Now, however, the Food Co-Op doesn’t seem much more welcoming of the ethnic hippy, alternative-type or food activist than large corporate chains such as Trader Joe’s or Whole Foods. Certainly the last vestiges of “disorder” have been removed: the community bulletin board is no longer the sprawling affair that it once was, the single rack allowed for publications features a similar selection of magazines as to what you would find at Whole Foods, and no longer features such radical publications as the Earth First! Journal (Adbusters Magazine being the only exception to this) or, quite significantly, any room for community-oriented publications such as the Occupied Tucson Citizen. Even that hallmark of differentiation between alternative and mainstream supermarkets—a nickel refund if you bring in your own bag—is now gone.

But it is also true that the “Food Conspiracy” Food Co-Op is now more consumer-friendly, more streamlined of an operation and, no doubt, more profitable. Much of the expansion that resulted from the recent renovation went toward putting in an eat-in deli section (in which we weird, eccentric vegetarians are assured that there will “always be a vegetarian option”), and much of the rest of the expansion of the retail space was dedicated toward increasing aisle size and product offerings for the burgeoning off-campus student population living around 4th Avenue.

And, no doubt, there are other advantages as well. But before my misgivings are simply dismissed as those of a disgruntled purist, please keep the following in mind: it isn’t a question of the Food Co-Op being a bad place now (it isn’t), or a place that should somehow be boycotted (it shouldn’t, and further they deserve credit for not moving to a mall, which they have considered doing in the past). Nor, however, is it a question of it being a failing (as some might argue) of yours truly, a “co-owner” of the Food Co-Op who doesn’t go to meetings and so hasn’t voiced his objections to what has been happening — the fact is, I’ve been too busy going to other meetings to add this one into the mix.

It is rather a question of the ever-growing permeation of corporate culture and norms into every aspect of our lives, so that every consumer convenience, every increase in efficiency, every additional streamlining and standardization of the world around us (we could also say here sterilization and homogenization) is to be accepted because that, increasingly, is what we want and expect. Because Consumer Woman and Consumer Man, even of the alternative, counter-cultural variety, want to do their shopping (and this is primarily what they do, they shop) quickly, comfortably and easily, even if it means doing away with the actual counter-culture and replacing it with the affect of one.

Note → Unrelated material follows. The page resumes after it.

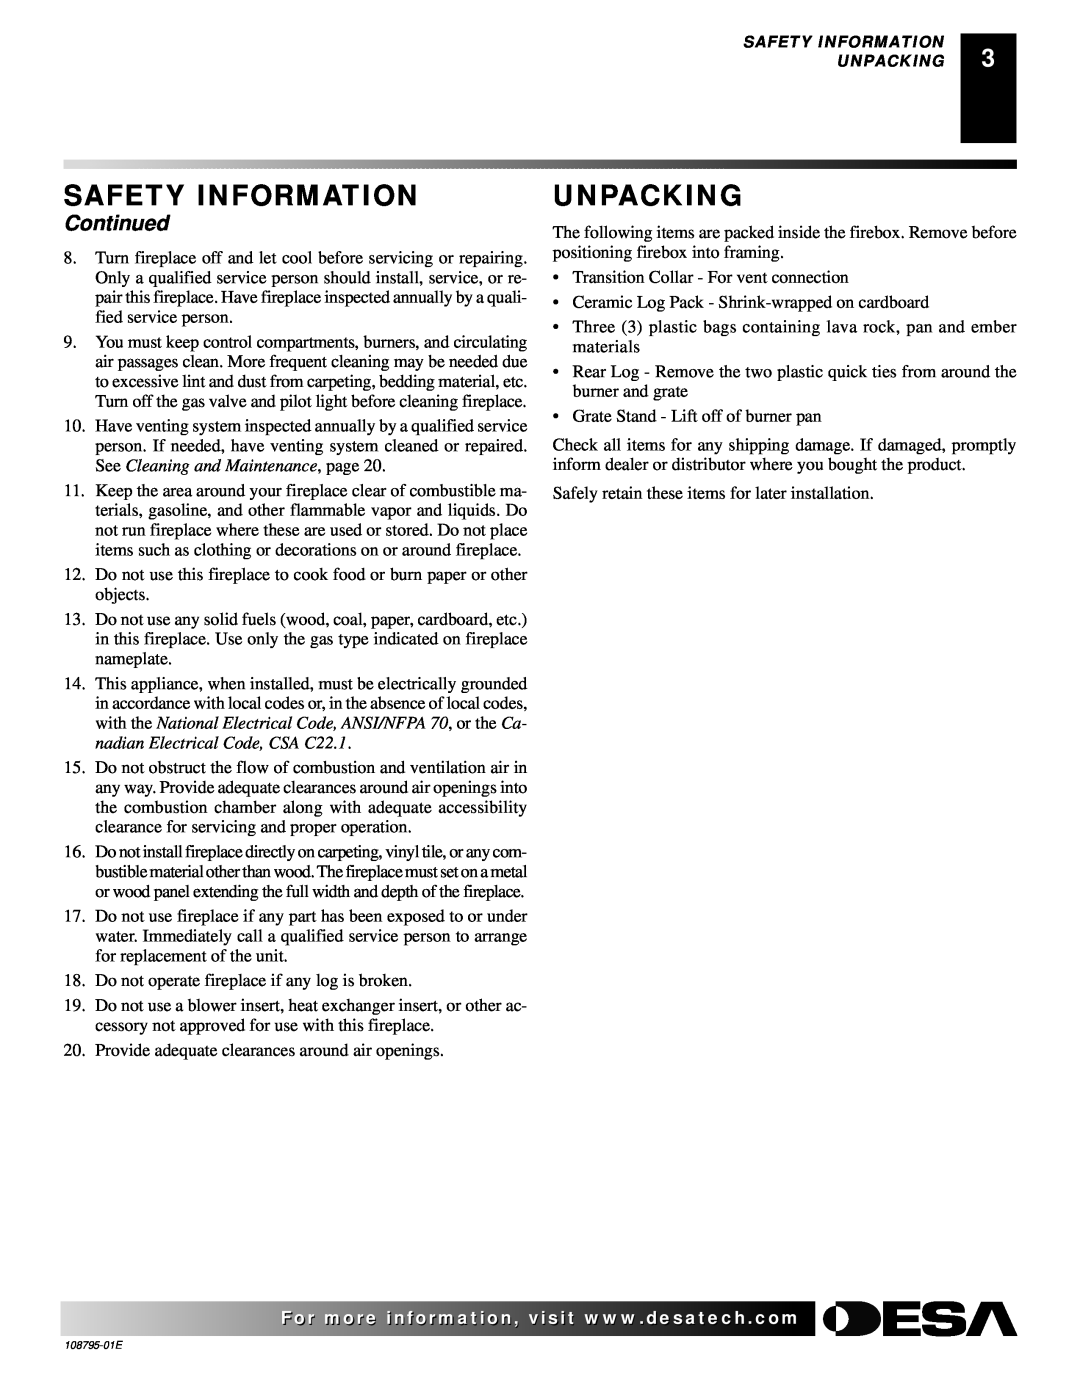 Desa VM42, M36 installation manual Unpacking, Continued, Safety Information 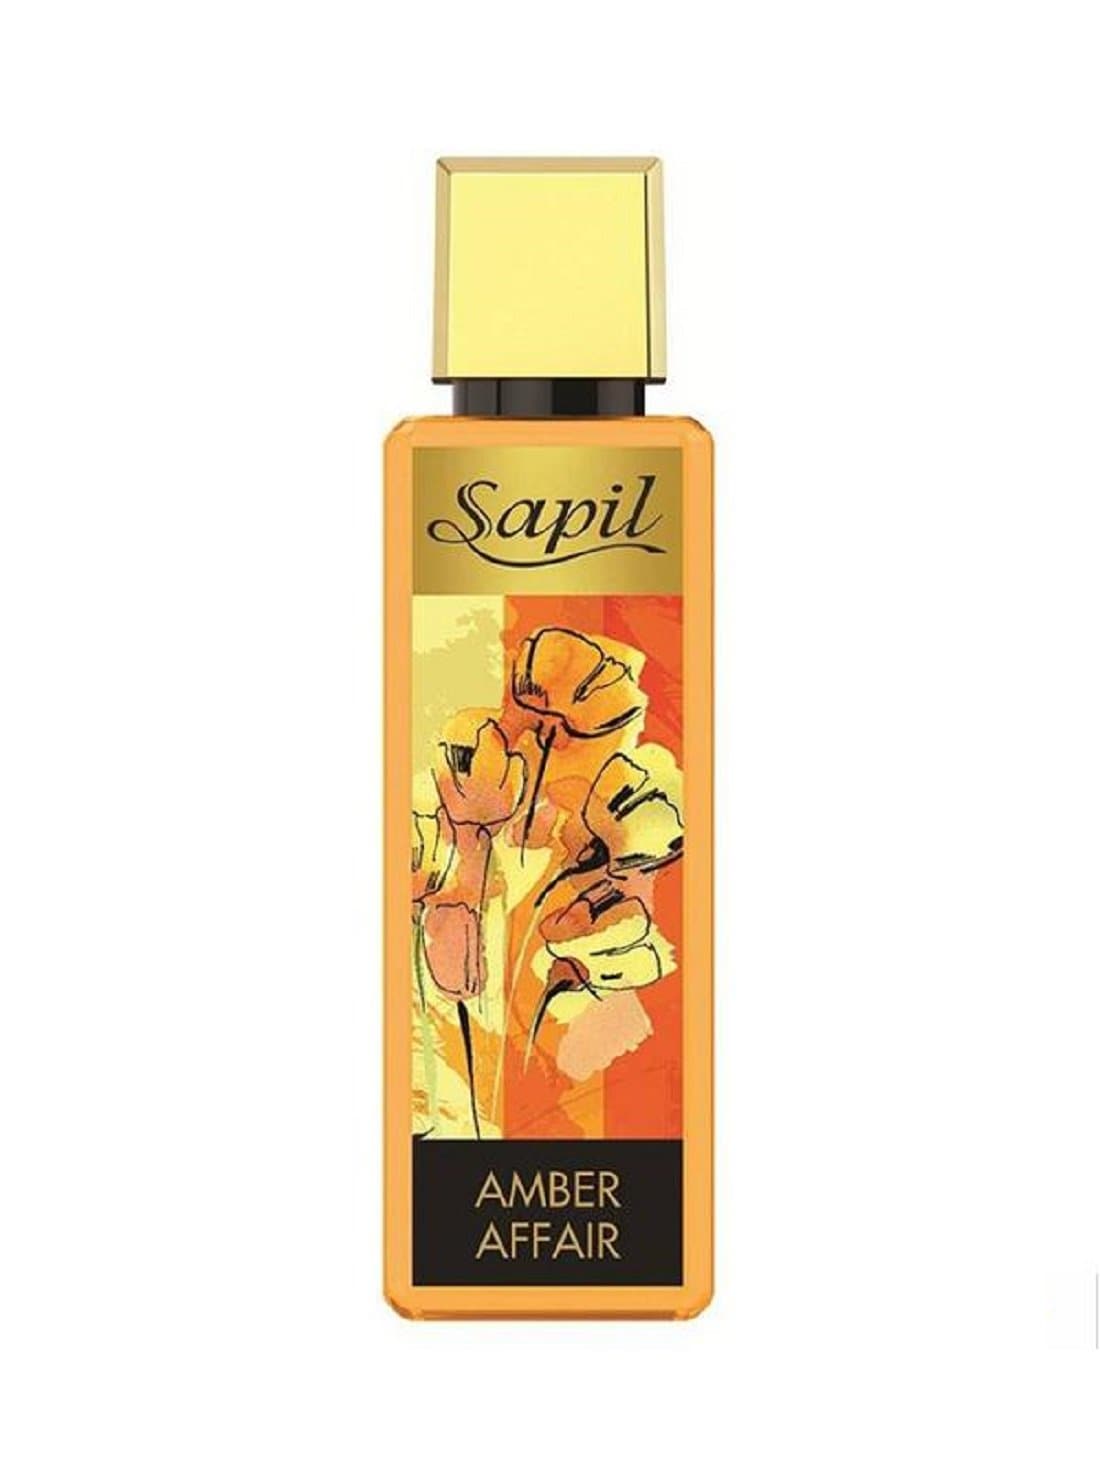 Amber Affair for Women Body Mist - 250 ML (8.4 oz) by Sapil - Intense oud

How this corporatized norm is permeating other aspects of even the counter-cultural remnants here in Tucson will be a topic of further articles. So stay tuned… and beware of any formerly alternative but now corporatizing entities you might in the meantime encounter.

10 thoughts on “Has the conspiracy gone out of the Food Co-Op?”

  1. Clearly written by a person with no clue. The Food Conspiracy is doing more than ever to educate people on what is being done to their food supply, to supply healthy and nutritious foods at reasonable prices, supporting local agriculture, and networking with local small businesses and social programs to reach students, the elderly, poor and disenfranchised. Perhaps you should find out the facts before you spout disinformation and innuendo? The Food Conspiracy is far from a corporate business. It is a true local community market. Perhaps if you did come to meetings or became involved, you would see a different picture. If you think it’s a problem, become part of the soluition.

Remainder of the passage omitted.